While Chinese bankers and policy-makers have noted that China was largely insulated from the global credit crisis by its strict capital controls and low exposure to toxic U.S. mortgage-backed assets they acknowledged that its financial system could not entirely escape the impact.

"I don't think China's banking industry will emerge completely unscathed from the crisis because our economies are so closely connected," Jiang Jianqing, president of China's largest bank Industrial and Commercial Bank of China (601398.SS), said on Thursday.

The chill over the stock markets is also taking its toll on China's economy, blocking off vital sources of funds.

The volume of initial public equity offers has fallen every month since April, shrinking to only 495 million yuan in September from a record high of 150 billion yuan in the same month of last year.

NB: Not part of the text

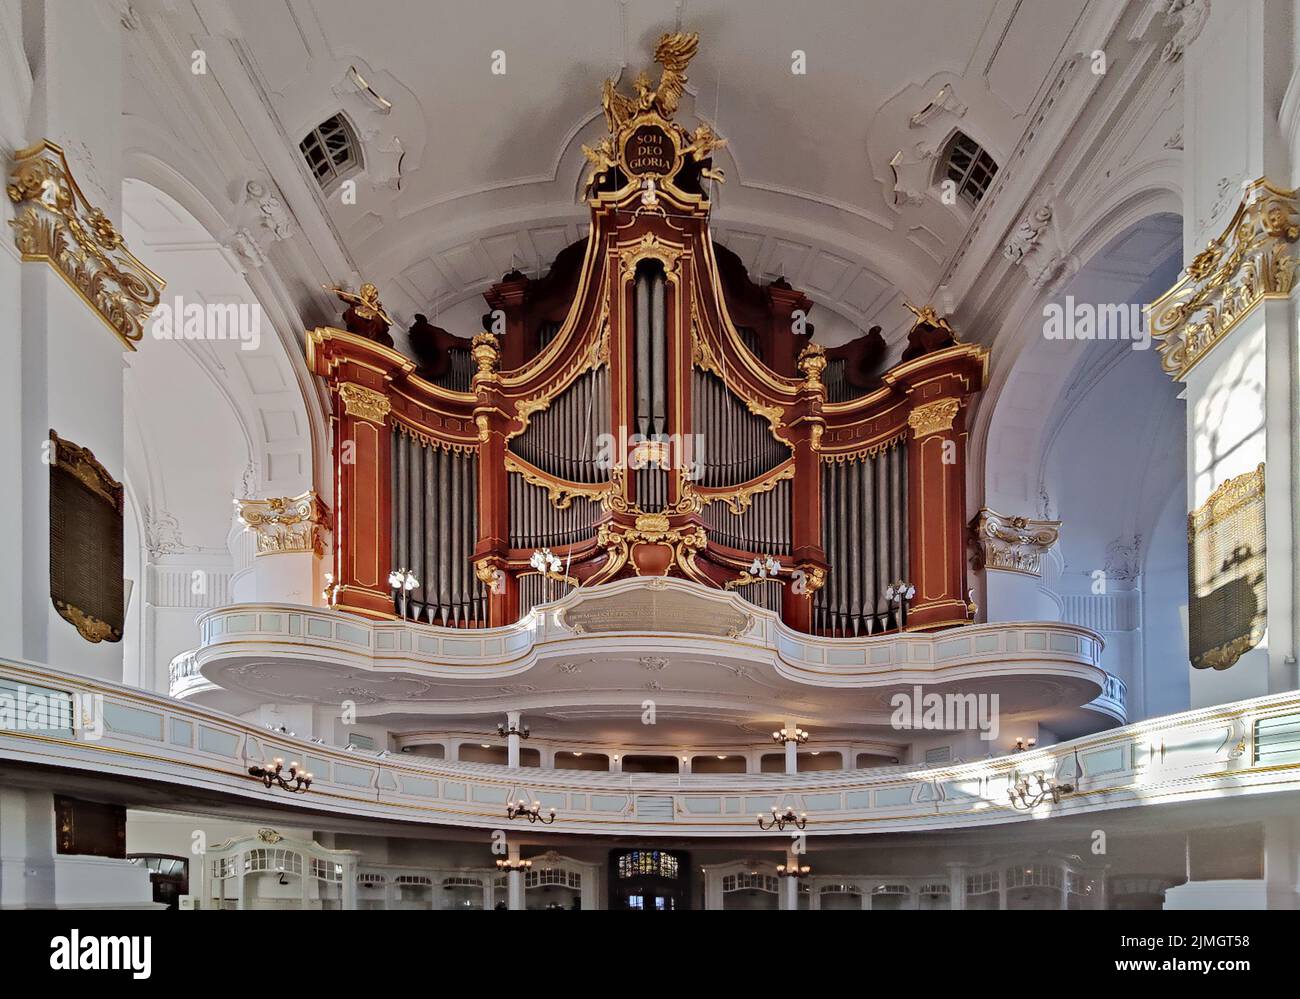 Órgano principal en la iglesia principal de San Michaelis, llamado Michel, Hamburgo, Alemania, Europa Foto de stock

Analysts also note that the combined market capitalization of the Shanghai and Shenzhen stock exchanges has shrunk by more than two-thirds from its peak late last year to only $1.8 trillion, less than half of China's GDP.

"The market is now highly represented in key sectors including banking, oil, metals and property, and a slowing of expansion of companies in these industries will be a bad omen for China's economy," said senior stock analyst Zheng Weigang at Shanghai Securities.

He and other analysts believe the government will move to boost domestic consumption, including further monetary easing and an eventual depreciation of the yuan against the dollar.